**Records provided**.
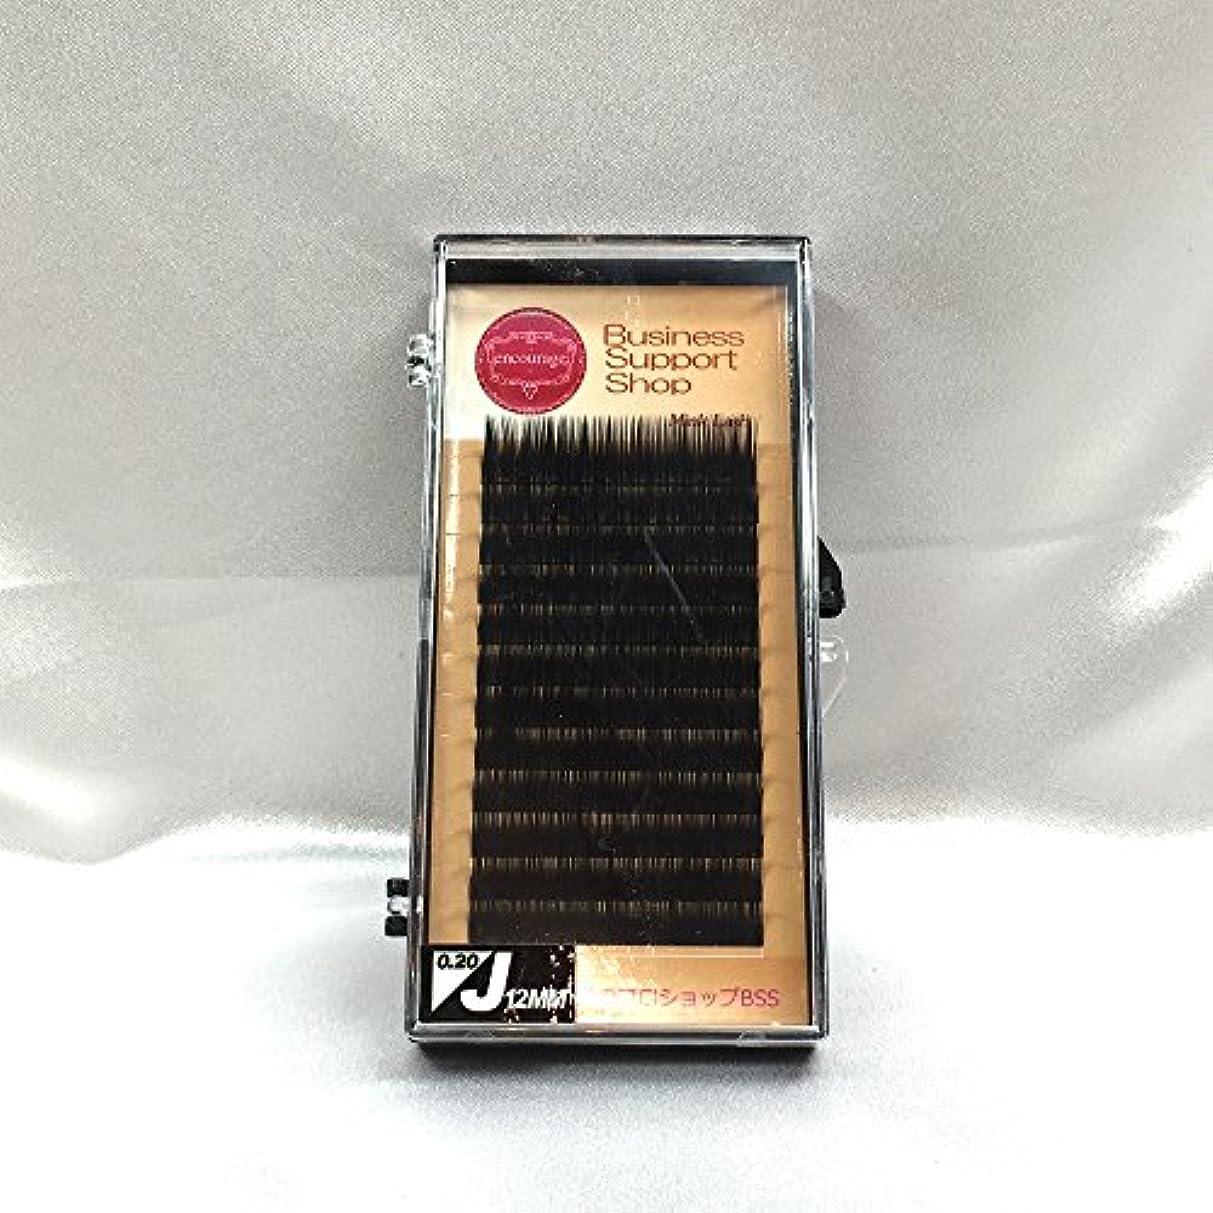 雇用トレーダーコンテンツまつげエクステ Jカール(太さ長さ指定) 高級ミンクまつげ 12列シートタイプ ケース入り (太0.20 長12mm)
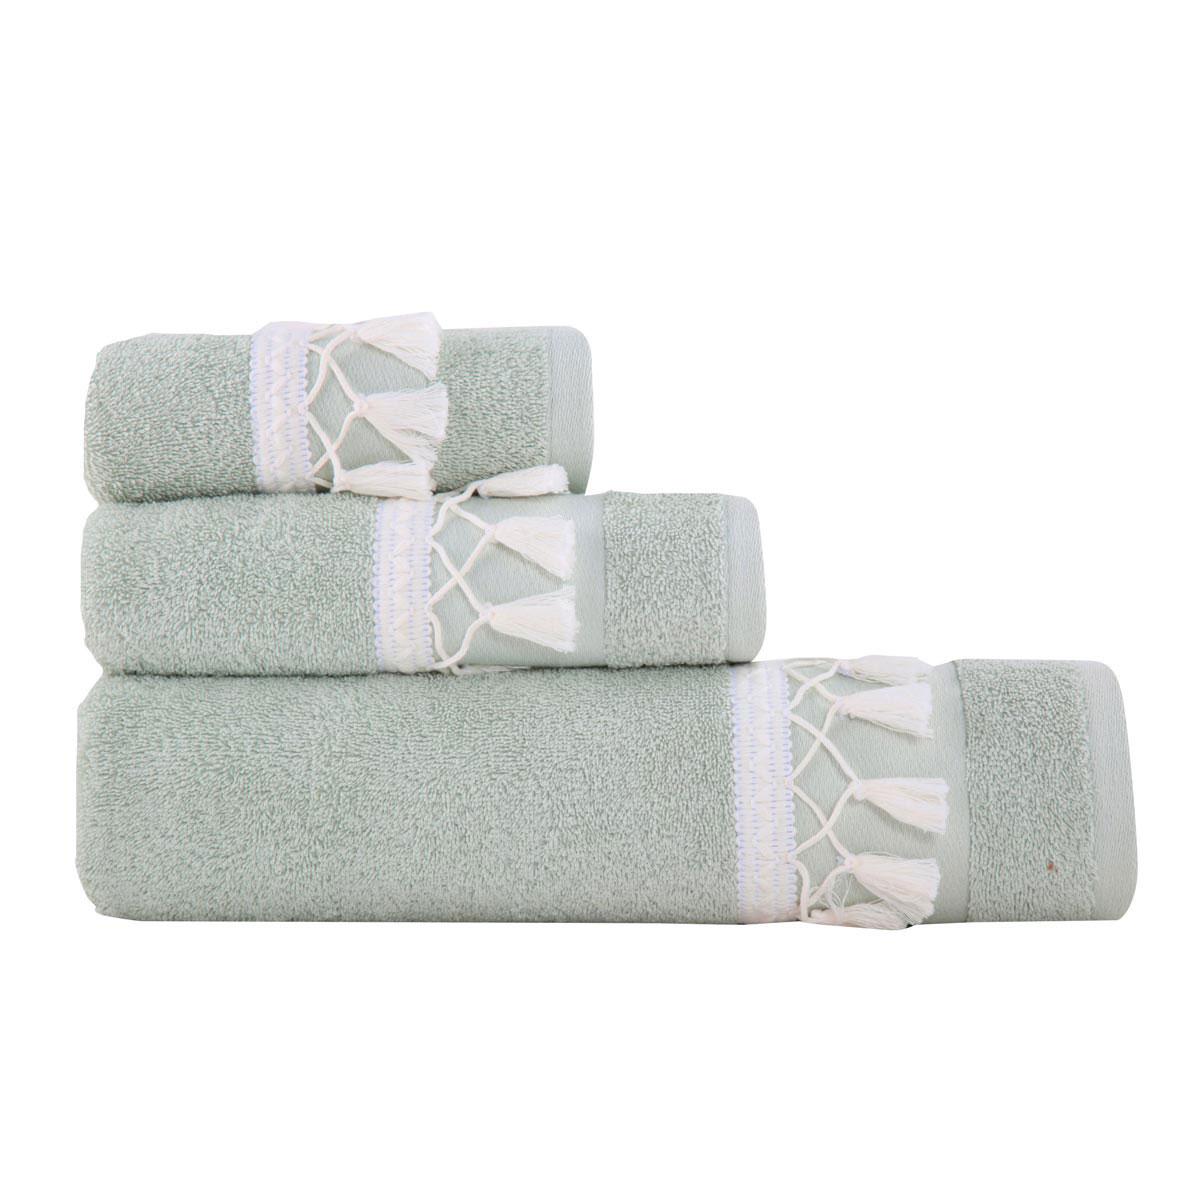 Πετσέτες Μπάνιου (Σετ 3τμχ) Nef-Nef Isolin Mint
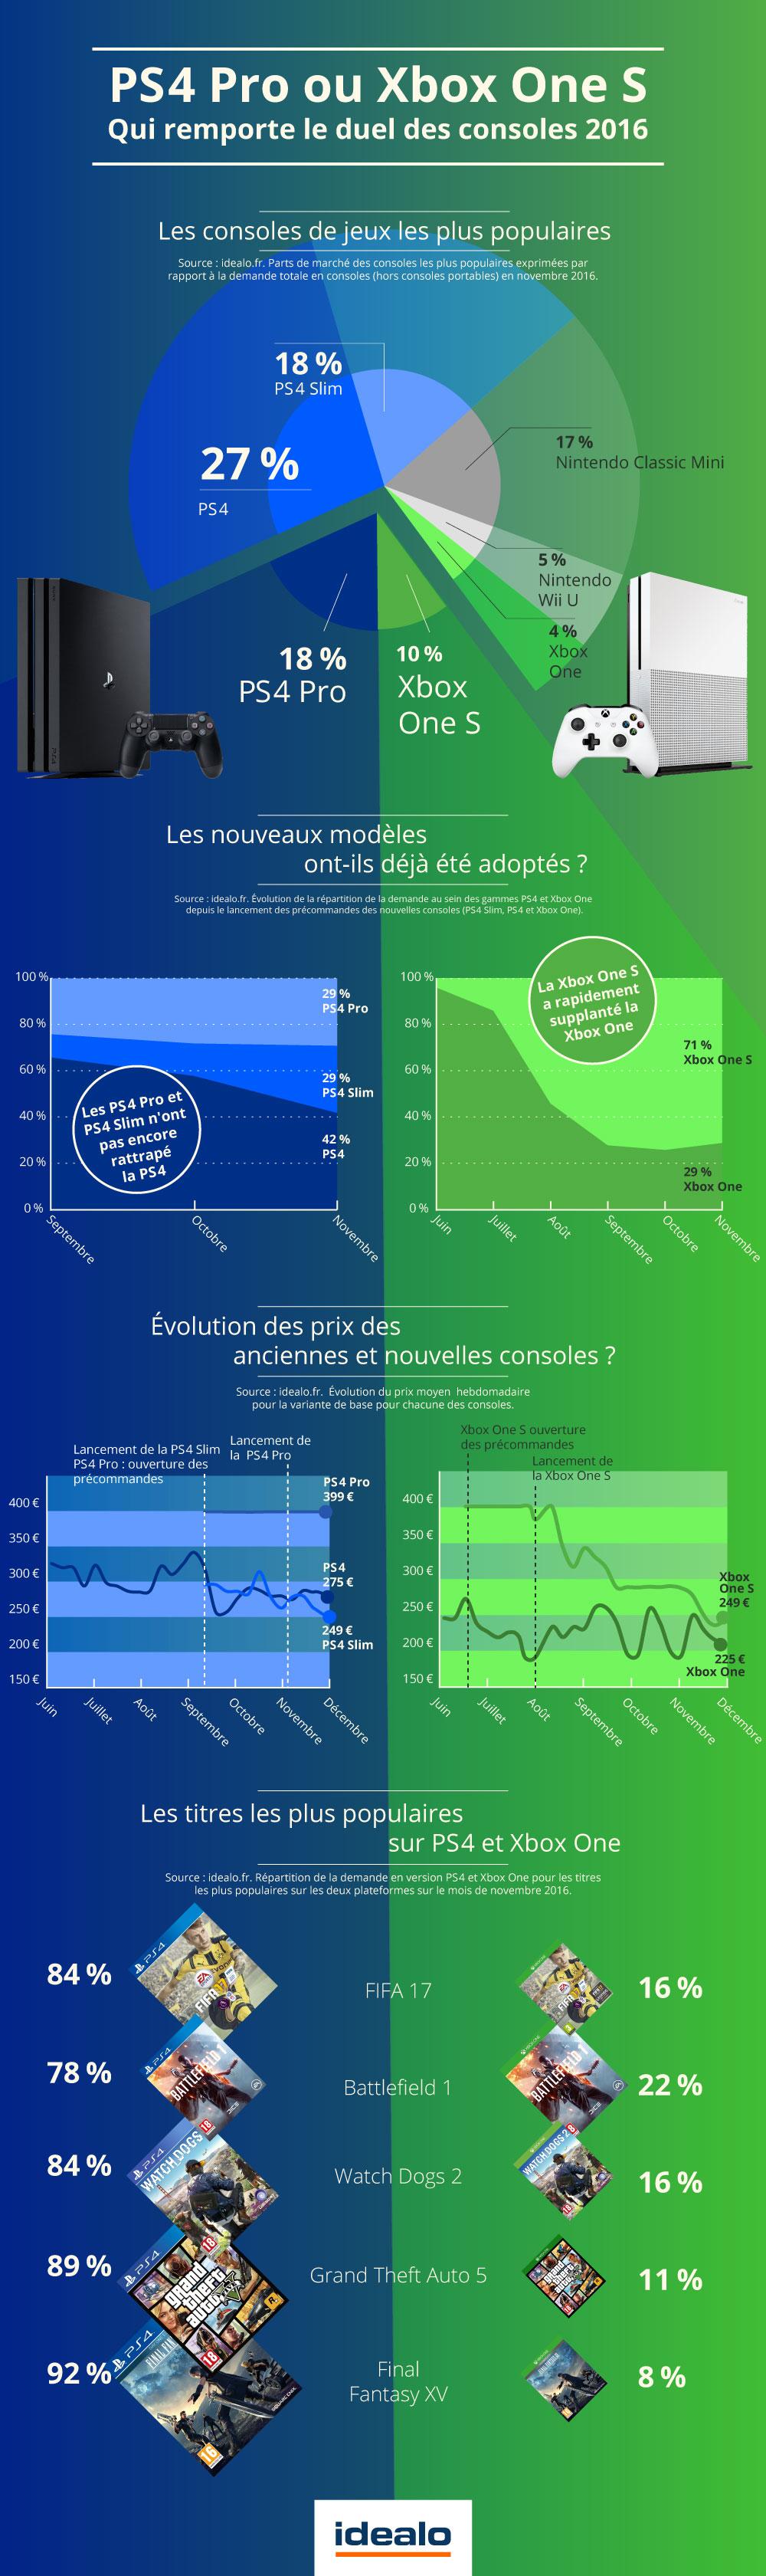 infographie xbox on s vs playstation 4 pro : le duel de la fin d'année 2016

...

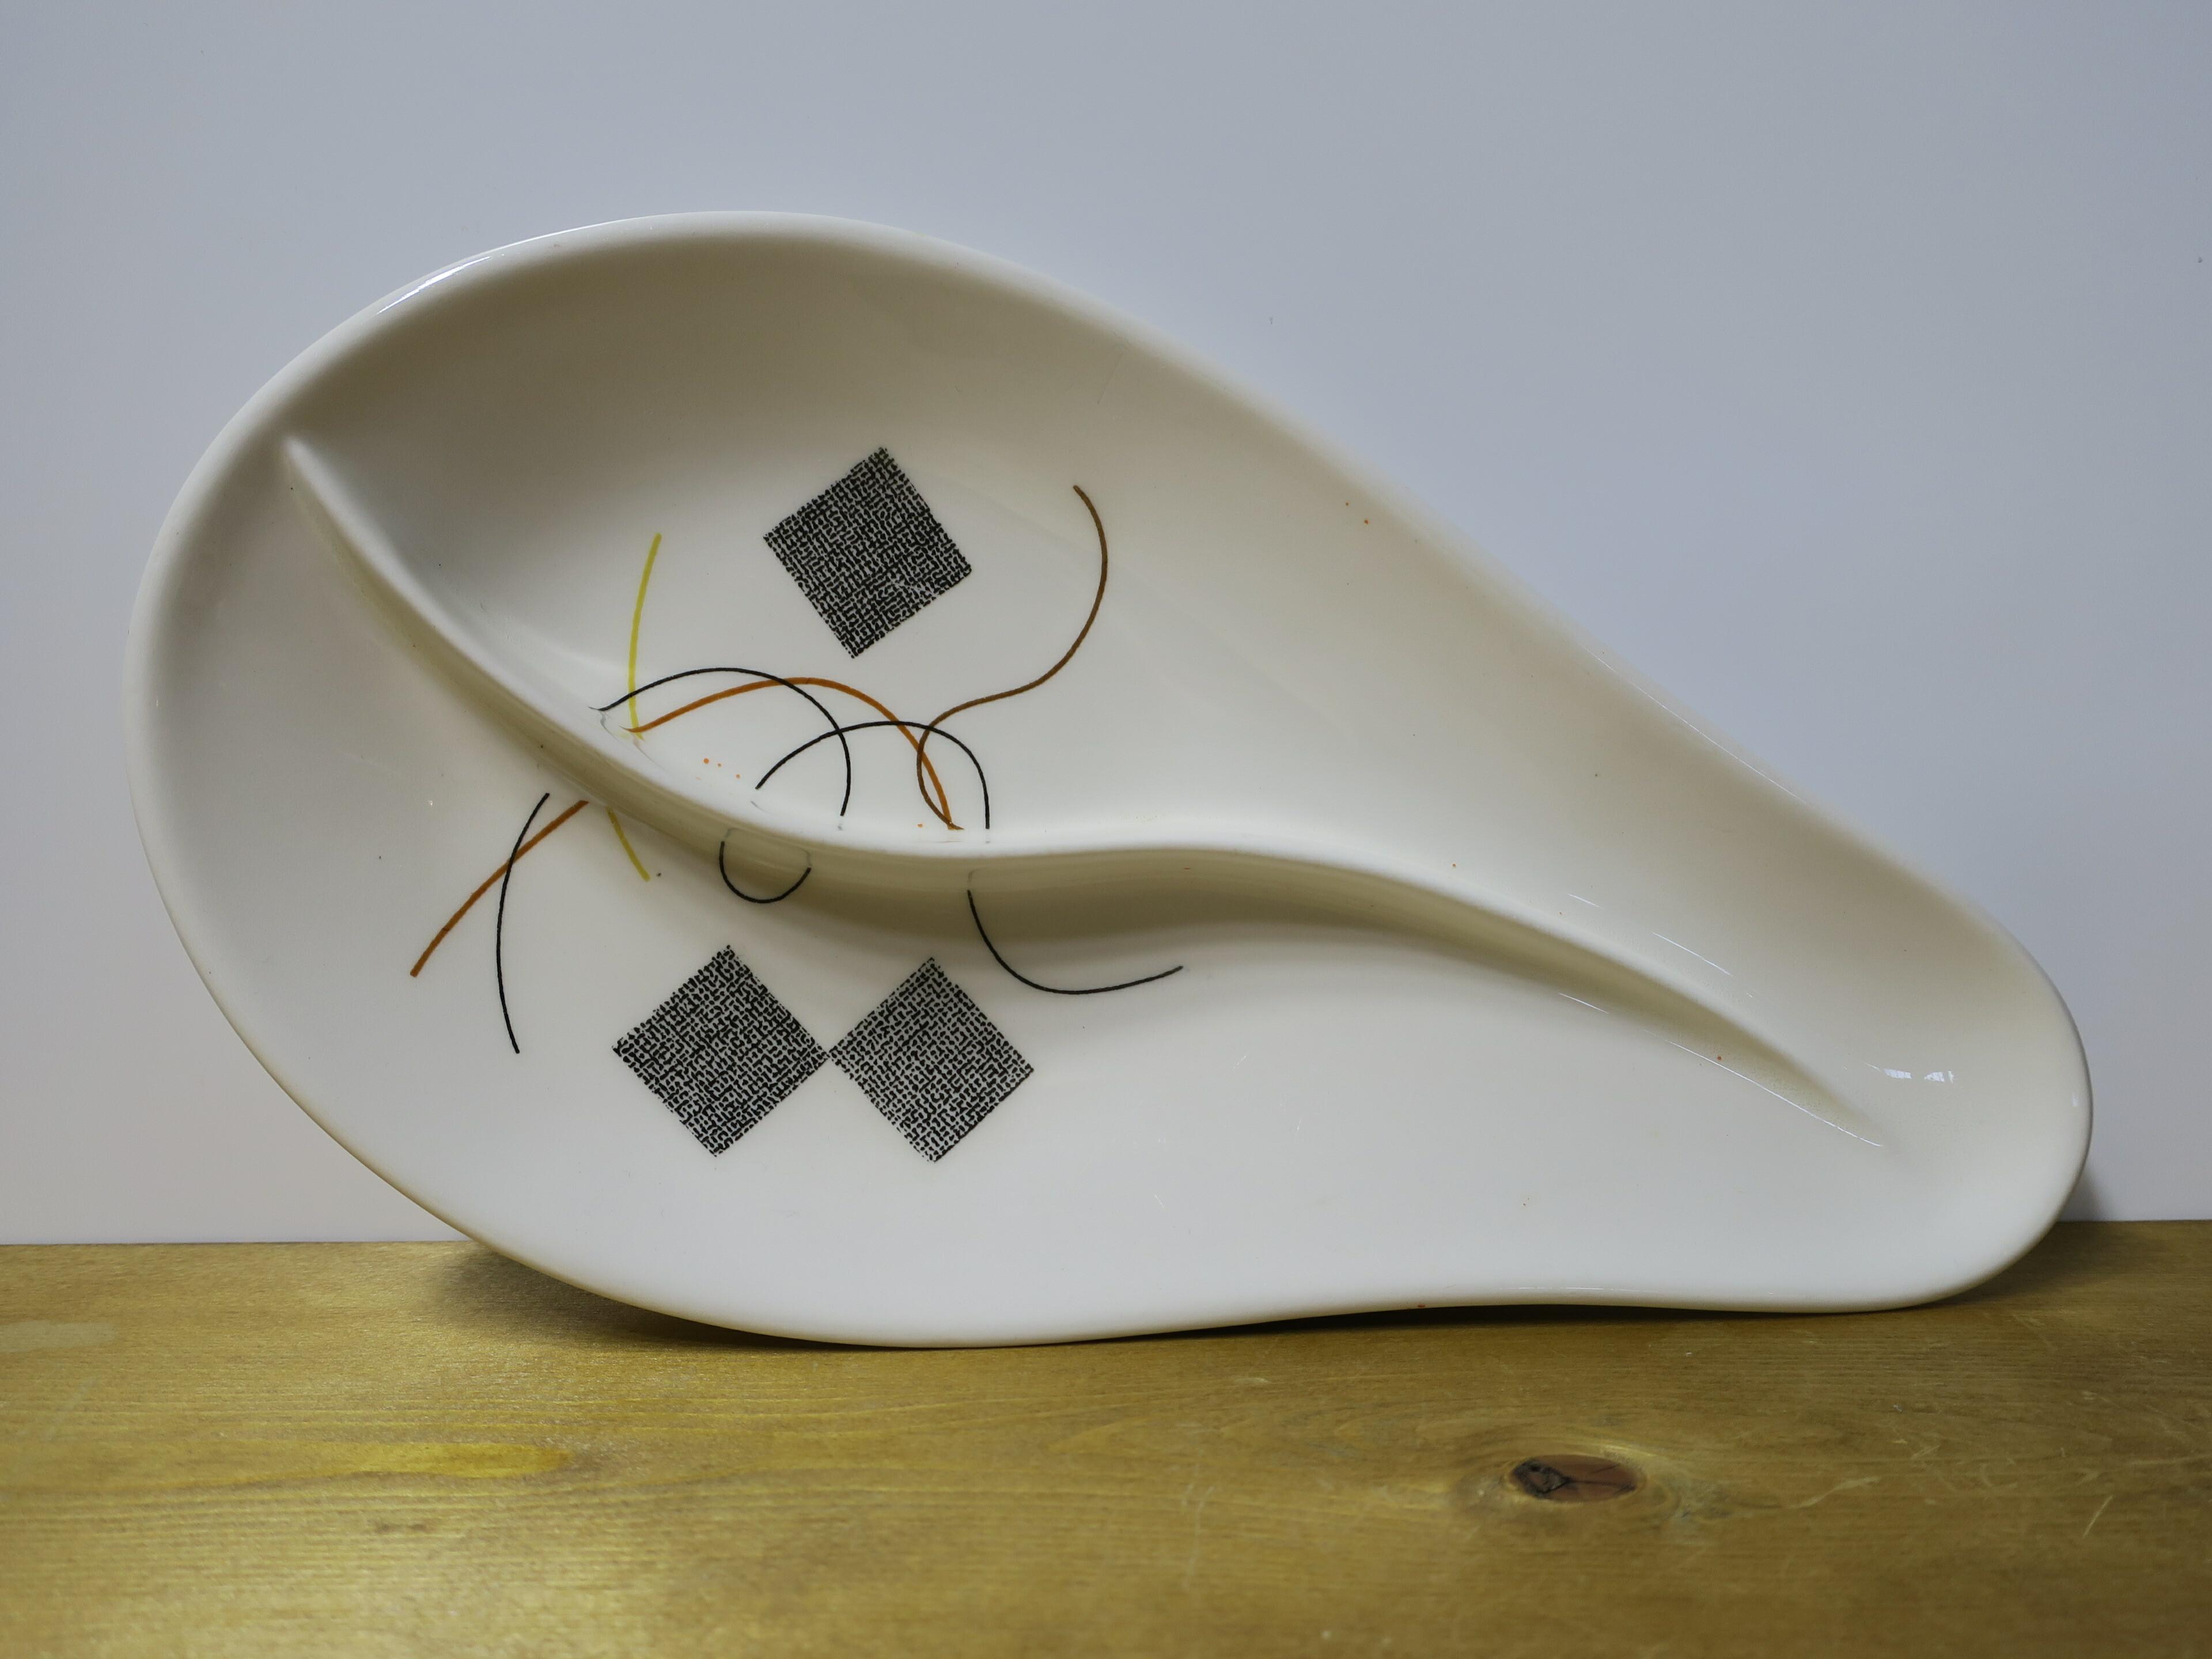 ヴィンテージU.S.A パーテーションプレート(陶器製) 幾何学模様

**Task goal**. Given the listing above, repeat exactly the lines starting at the one with "Πετσέτες Μπάνιου (Σετ" and ending at the one with "infographie xbox on", inclusive, excluding pictures.

**Answer for the task**.
 Πετσέτες Μπάνιου (Σετ 3τμχ) Nef-Nef Isolin Mint
 infographie xbox on s vs playstation 4 pro : le duel de la fin d'année 2016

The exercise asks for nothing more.